Salah seorang pengawal Fras pun membuka pintu dan mereka terkejut ketika dua orang nyelonong masuk dengan begitu sombong.


Arga menghampiri Keduanya dan menanyakan siapa mereka dan apa tujuan mereka datang ke warung yang belum resmi dibuka.


Tanpa menjawab, keduanya mulai beraksi dengan menendang peralatan masak yang baru saja dibersihkan.


Dengan gerakan meliuk, Arga berhasil membekuk seorang lawan dan akhirnya dia memberikan pukulan telak di ulu hatinya.


Satu lawan tersungkur dan tidak sadarkan diri dan satu lagi berhasil dibekuk oleh pengawal Fras.


Pengawal Fras menginterogasi, menanyakan siapa yang meminta keduanya untuk membuat kerusakan disana.


Pengawal itupun bungkam, dia memilih dihajar dan ditampar daripada memberitahu siapa dalang dibalik kerusuhan itu.


Arga yang merasa kesal, menarik pengawal itu dan memberikan pukulan di dada serta perut.


"Kalian masih juga belum mau mengaku! Jangan salahkan kami jika memberikan penyiksaan yang lebih kejam."


"Dir, tolong kamu ambil, pisau dan jeruk nipis di sana, aku ingin tahu seberapa pemberaninya mereka melawan dua benda itu!"


Dirta pun bergegas menuju dapur, dia mencari apa yang Arga minta.


Setelah mendapatkannya, Arga pun meminta pengawal untuk menggores sedikit tubuh keduanya dan Arga sudah memotong jeruk asam untuk mengucuri luka tersebut.


Membayangkan saja sudah ngeri, apalagi sampai hal itu benar dilakukan oleh Arga.


Pengawal Fras menarik tubuh pengawal dan menggores lengannya. Seketika darah mengucur ke lantai dan jeritan pun terdengar saat air jeruk asam itupun mengenai lukanya.


Pengawal Gisella memohon ampun dan minta dilepaskan, tapi Arga tidak mengindahkan permintaan itu sebelum mereka mengaku.


Kembali siksaan dilakukan dan kali ini jeritan terdengar lebih memilukan, akhirnya pengawal itupun menyerah dan berjanji akan mengatakan siapa yang memerintahkan mereka untuk melakukan pengerusakan warung kuliner Mirna.
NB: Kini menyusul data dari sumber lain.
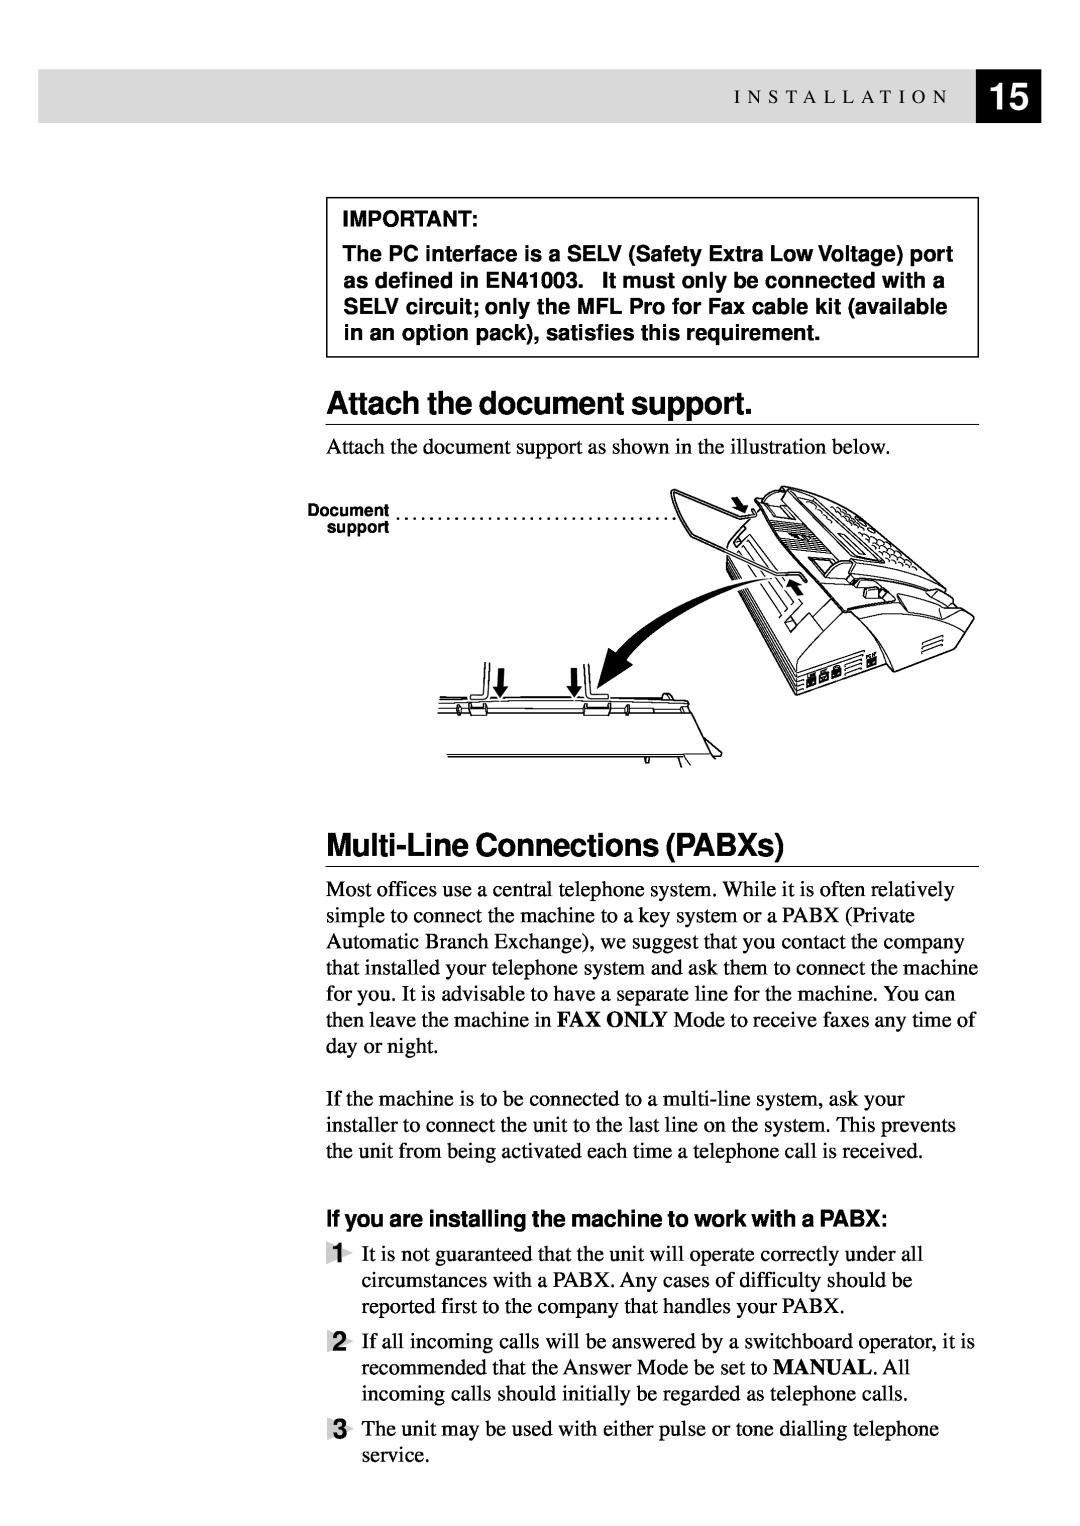 Brother 515 manual Attach the document support, Multi-Line Connections PABXs

Arga memberi kode agar pengawal Fras melepaskan cengkeraman tangannya, lalu Arga mencengkeram rahang orang tersebut sambil berkata lantang.


"Sekarang katakan, siapa yang telah menyuruh kalian! Ayo cepat, sebelum aku menyayat wajah ini satu persatu dan mengucurkan air jeruk ke semua luka!"


Akhirnya mereka pun mengaku jika Gisella yang meminta untuk menghancurkan warung kuliner itu sebelum acara pembukaan besok dilakukan.